Тайник на Эльбе. - Александр Насибов
Шрифт:
Интервал:
Закладка:
— Позвоните Кригеру, — сказал он, — сообщите о повреждении и попросите, чтобы прислал сварщика. Самого лучшего!
Шталекер вылез из-под машины и поспешил к телефону.
Расчёты Аскера оправдались. Кригер прислал Макса Висбаха. Это был человек лет сорока пяти, с приятным открытым лицом, высоким лбом, обрамлённым волнистыми седеющими волосами. Особенно красивы были его глаза — большие и умные.
Висбах приветливо поздоровался со Шталекером, которого знал по заводу, коротко кивнул Аскеру и полез вниз. Он внимательно осмотрел повреждённое место, простучал по остальным частям рамы, чтобы убедиться в их исправности.
— Продолжайте работу, — сказал он, — я подойду к концу смены, покажу, куда подогнать машину. Там и заварим.
Висбах ушёл.
Аскер и Шталекер вновь принялись за работу, вычистили и промыли карбюратор и фильтр, осмотрели свечи, аккумулятор, подкачали шины.
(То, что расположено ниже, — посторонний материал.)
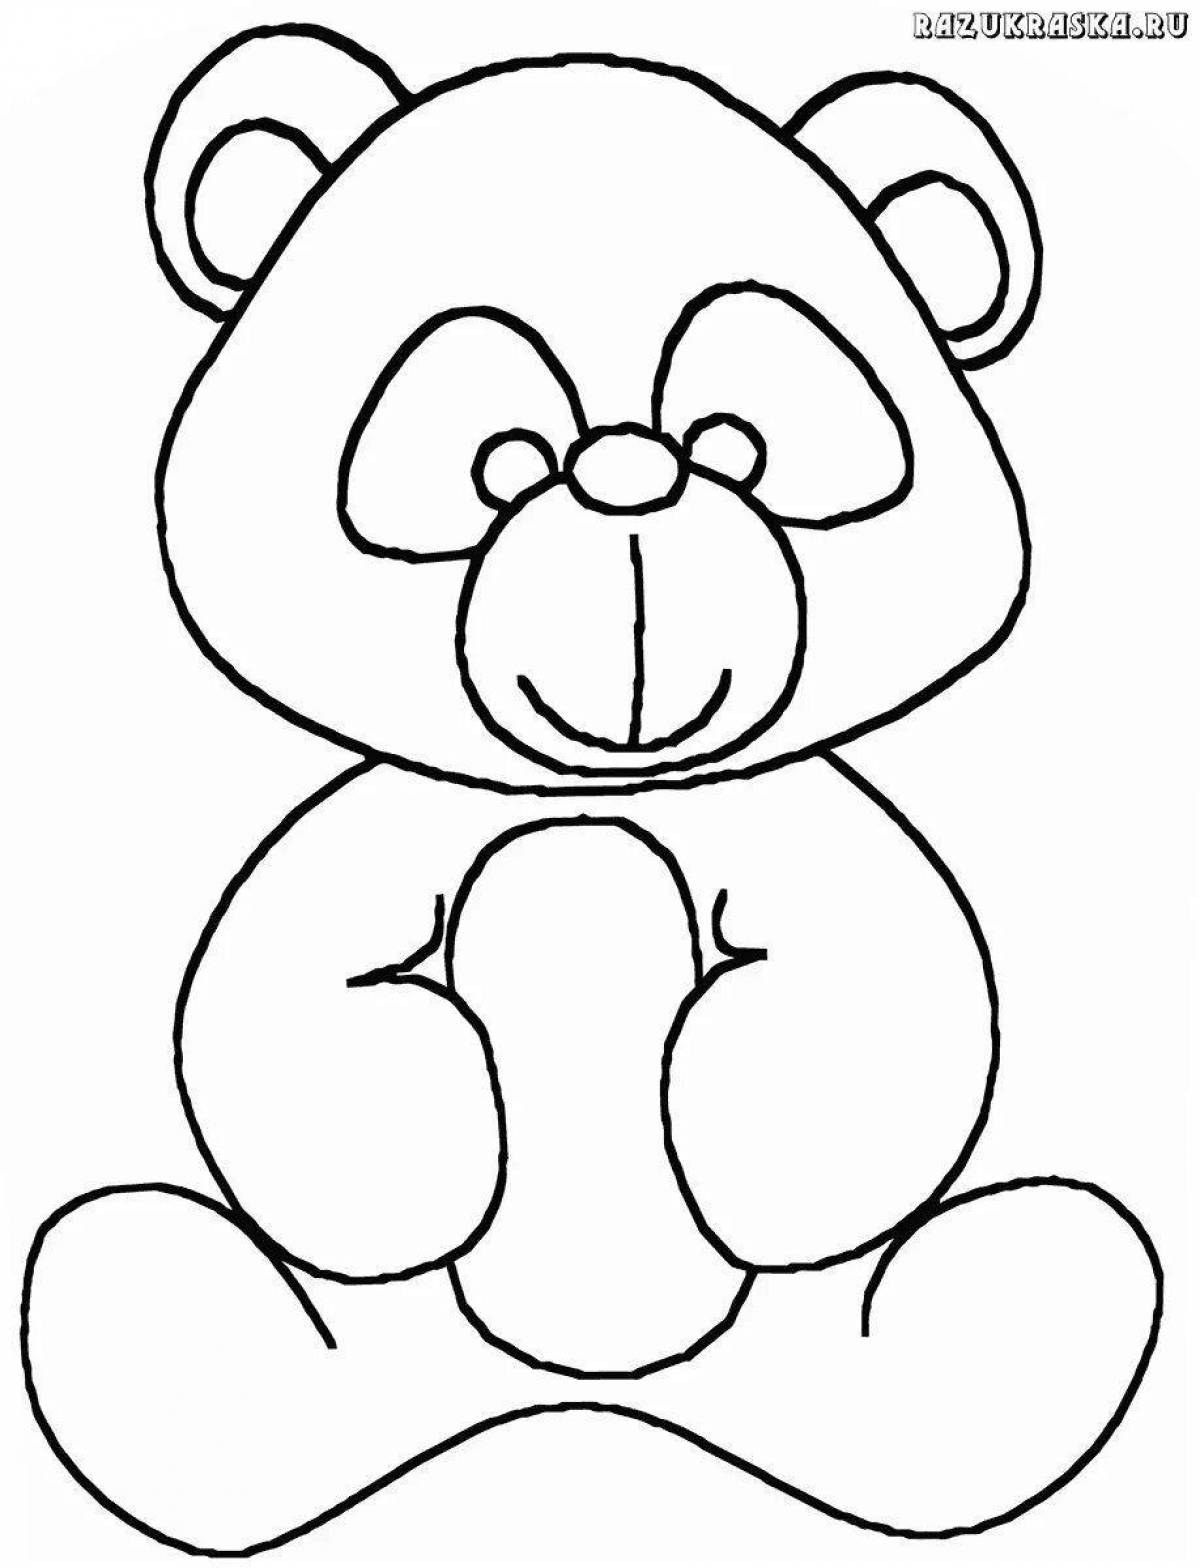 Раскраска праздничный олимпийский медведь
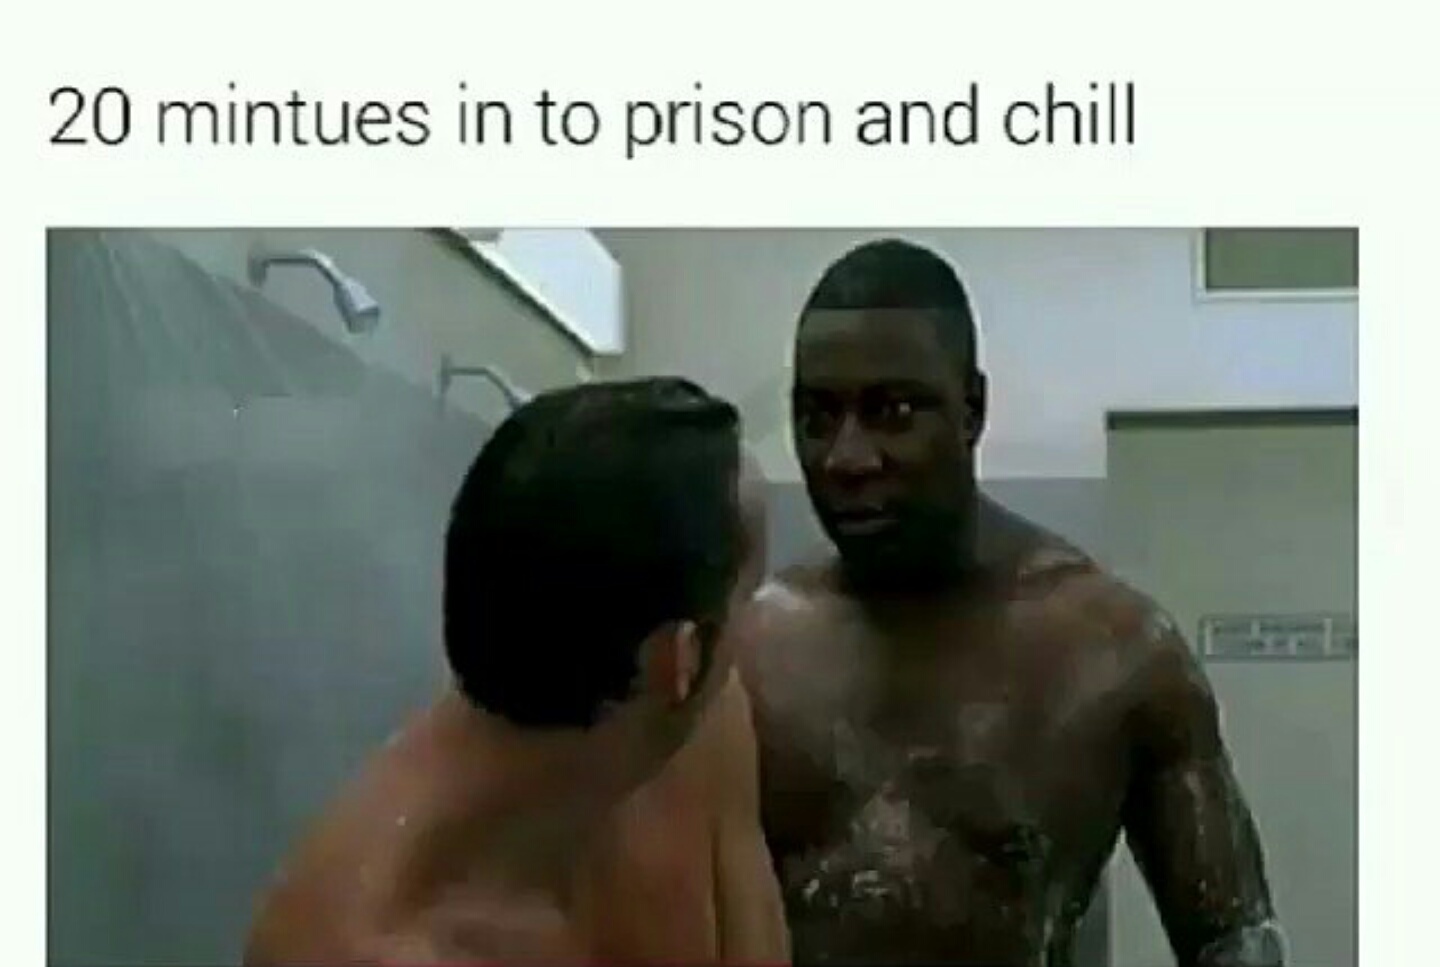 Prison and chill.  Ddddrop the soap - meme

Висбах пришёл в пять часов. Аскер вывел автомобиль из бокса и направил в цех, где находилось хозяйство сварщика.
Ремонт был закончен в десять минут.
— Признателен вам. — Аскер протянул сварщику руку. — За мною пиво.
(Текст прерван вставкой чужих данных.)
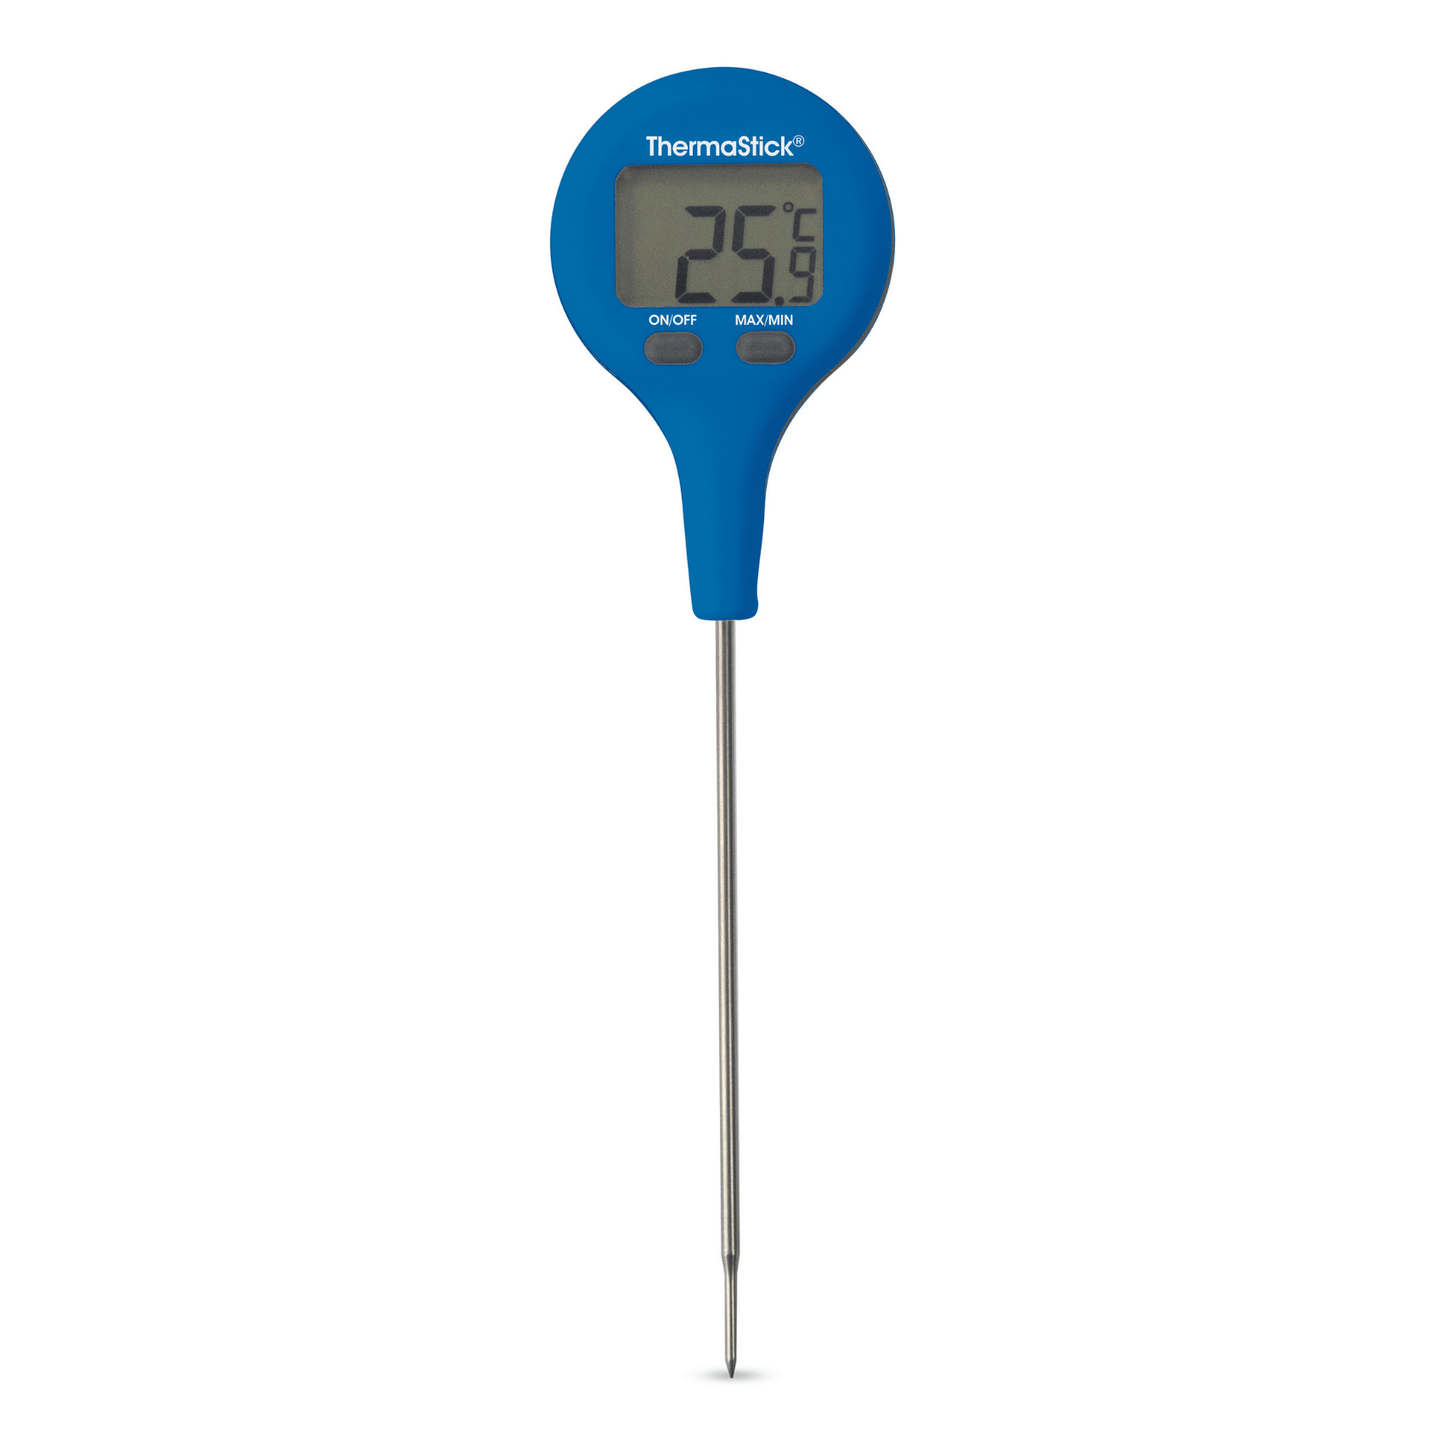 un thermomètre numérique Thermometre.fr ThermaStick bleu sur fond blanc.
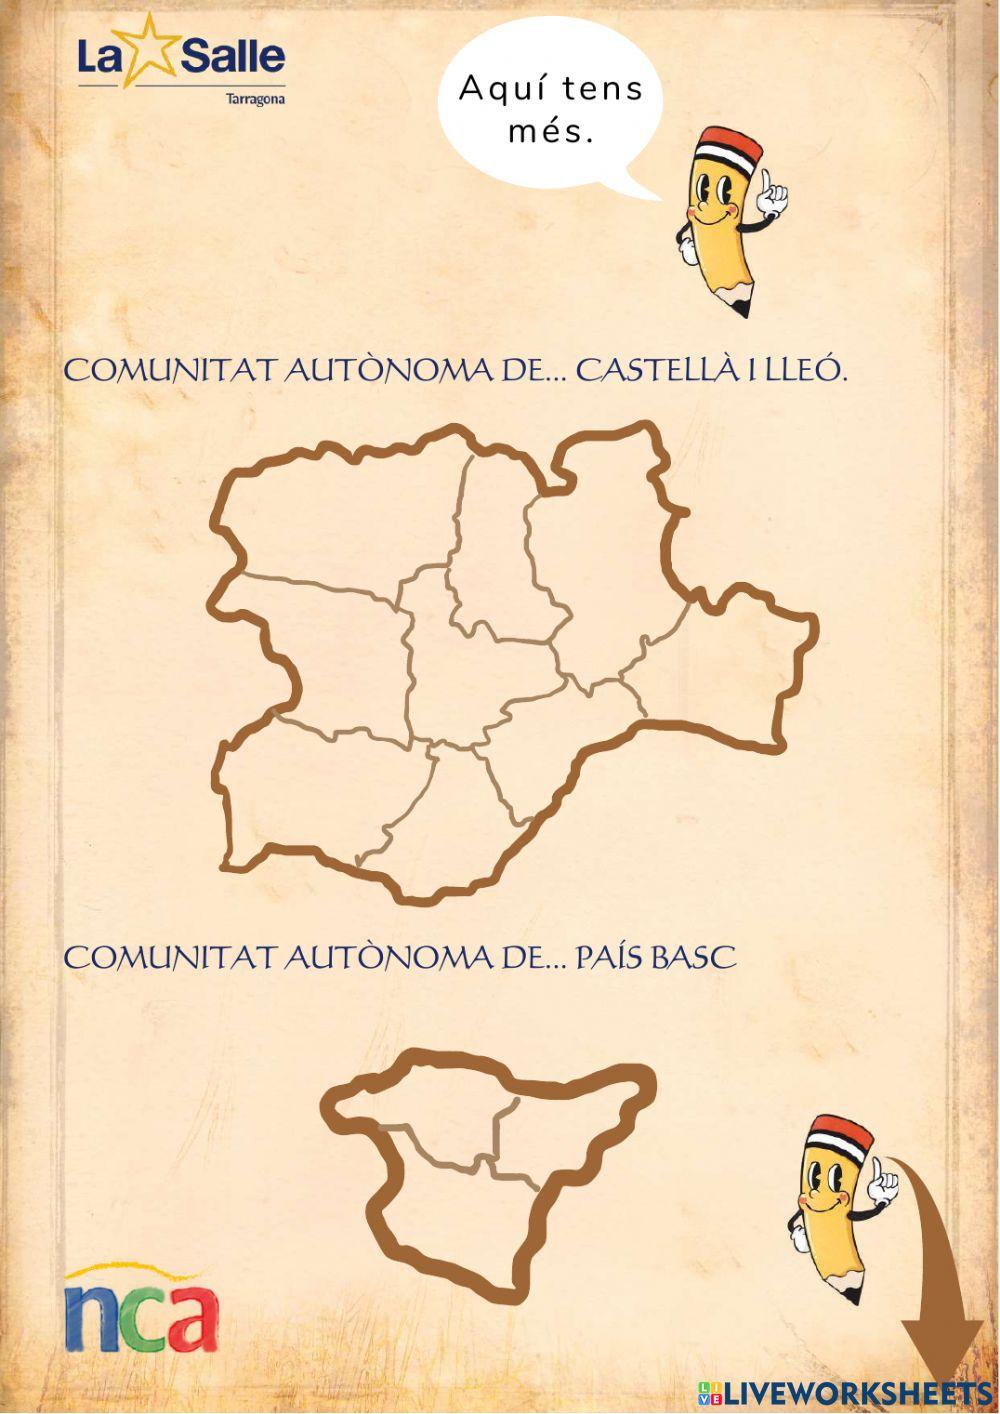 Les Comunitats Autònomes d'Espanya 14

— Что ж, — усмехнулся Висбах, — пиво — это не так уж плохо. Особенно если рядом хороший собеседник.
— Завтра мы уезжаем с господином директором. На несколько дней. Вернёмся, и я отыщу вас.
— Хорошо. Значит, до вашего возвращения.
К концу рабочего дня автомобиль ждал директора у подъезда.
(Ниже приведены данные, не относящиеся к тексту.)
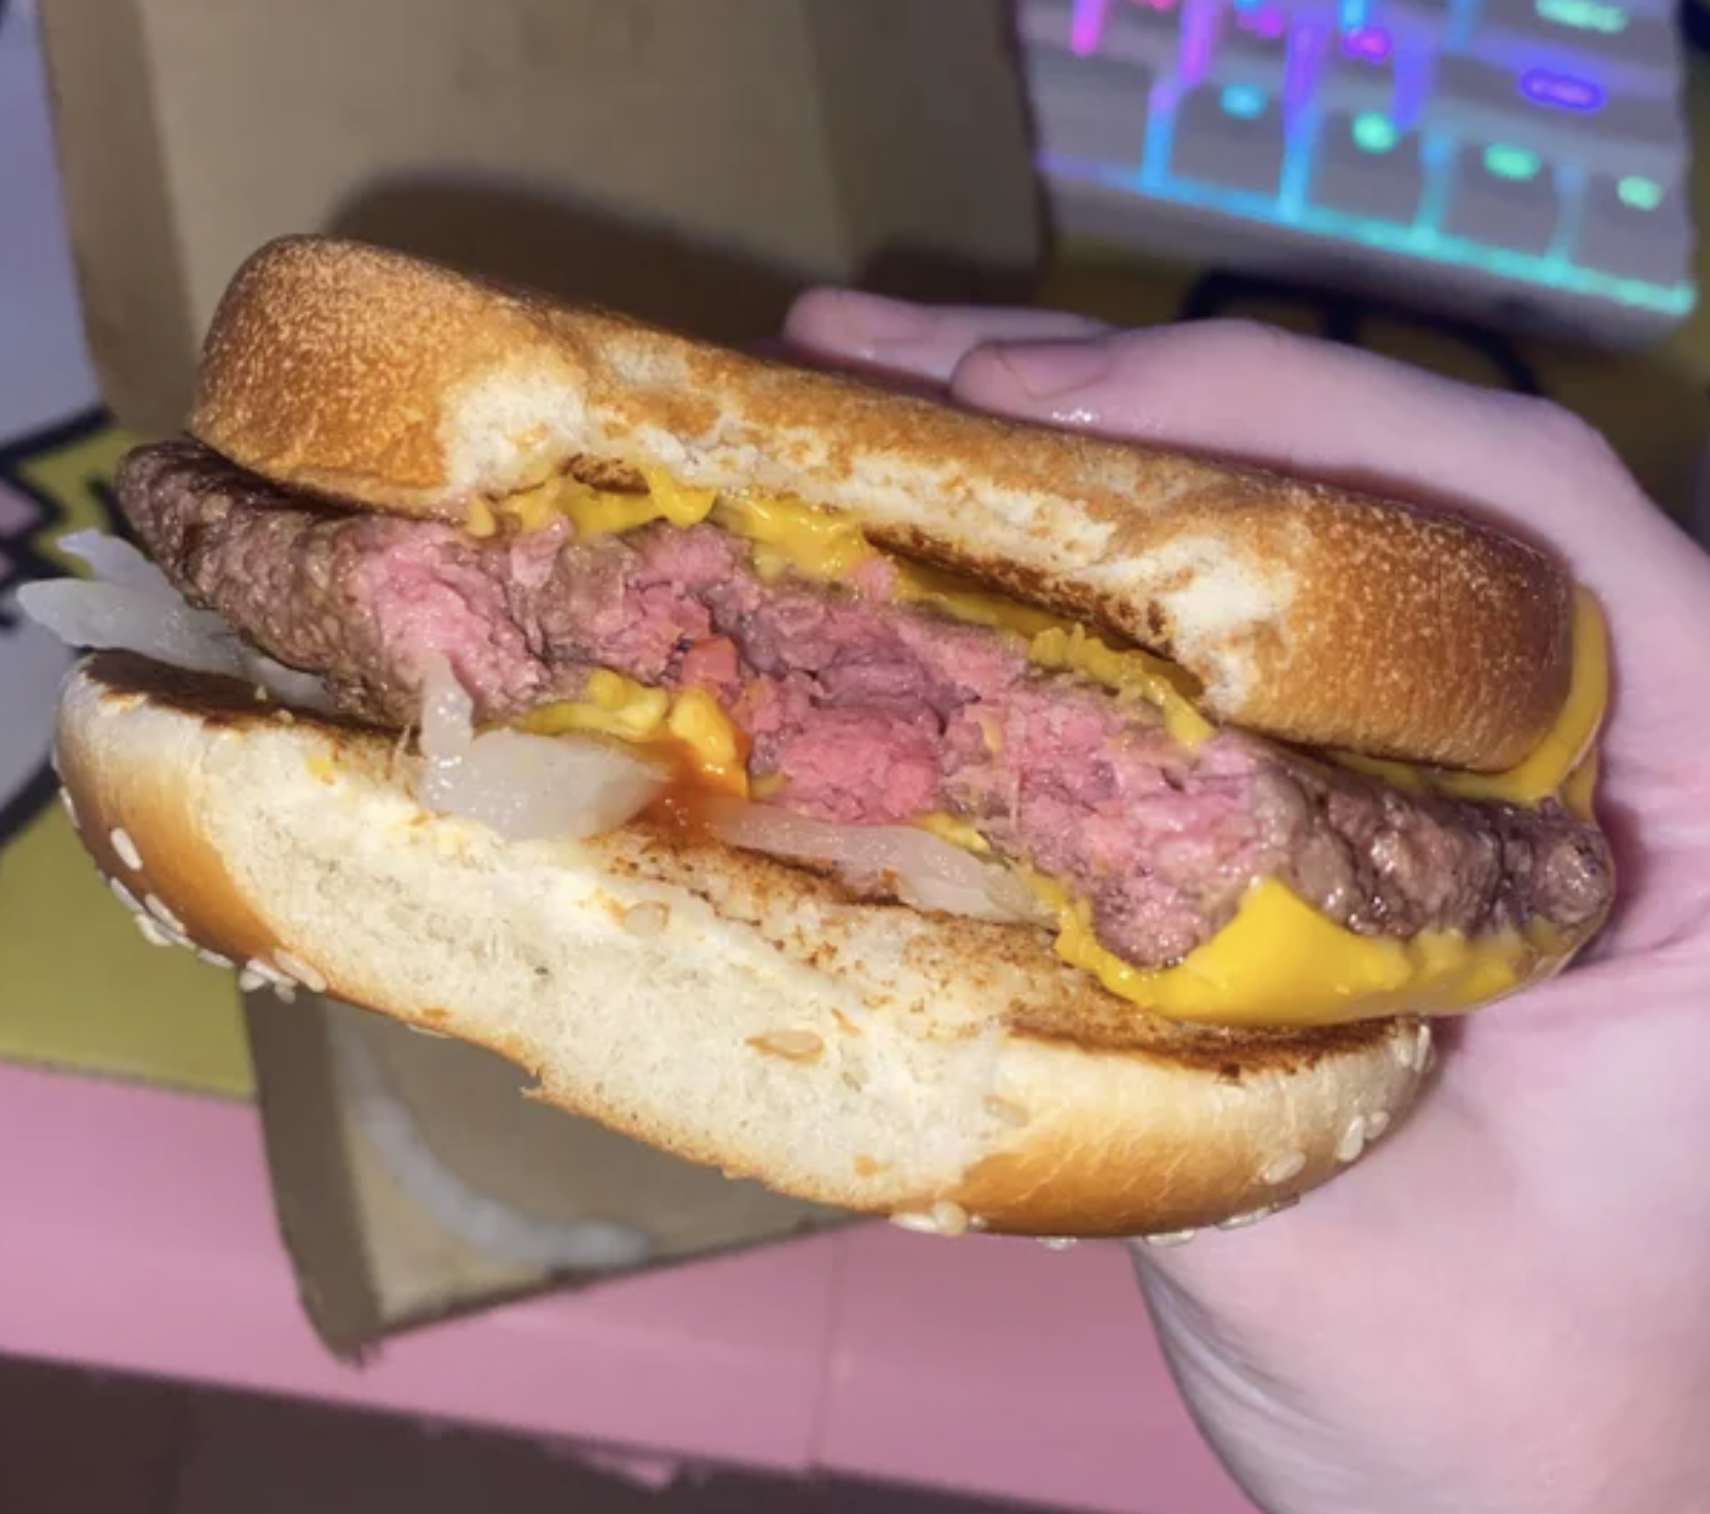 Undercooked McDonald's burger

— Машина готова, — сказал Аскер, распахивая перед Кюмметцем дверцу. — Можем ехать хоть сейчас.
— Обращаясь ко мне, надо добавлять «господин директор», — ворчливо напомнил Кюмметц, хотя в душе был доволен расторопным и исполнительным шофёром.
ГЛАВА ЧЕТЫРНАДЦАТАЯ
1
Утром Аскер и Кюмметц покинули Остбург. Путешествие начали рано, и часам к десяти машина уже въезжала в Берлин. Огромный город был мрачен, молчалив. Шёл дождь, по краям мостовых текли мутные ручейки. Вода несла в канализационные решётки щепу, обрывки бумаги и прочий мусор, смытый с тротуаров. То и дело попадались дома без крыш, без окон, одиноко торчащие стены, иссечённые осколками, покрытые копотью, в которой дождевые струи промыли длинные грязно-серые полосы. Такими же унылыми, бесцветными показались Аскеру немногочисленные прохожие — мокрые, сгорбленные фигурки, торопливо шлёпавшие по лужам.
Итак, путешествие началось. Что принесёт оно?
Освенцим!… Название этого гитлеровского концлагеря все чаще появлялось в документах советской разведки. И было очень полезно добыть побольше сведений об Освенциме.
Мысли Аскера перенеслись к Висбаху. Первая встреча с ним ничего не дала. Разумеется, Аскер и не надеялся разобраться в человеке, побеседовав с ним несколько минут. Но какое-то впечатление, пусть самое поверхностное, должно же было остаться! А его не было…
Директор прервал размышления Аскера.
— Ведите машину через центр, — сказал он. — Едем в Бреслау, там и заночуем.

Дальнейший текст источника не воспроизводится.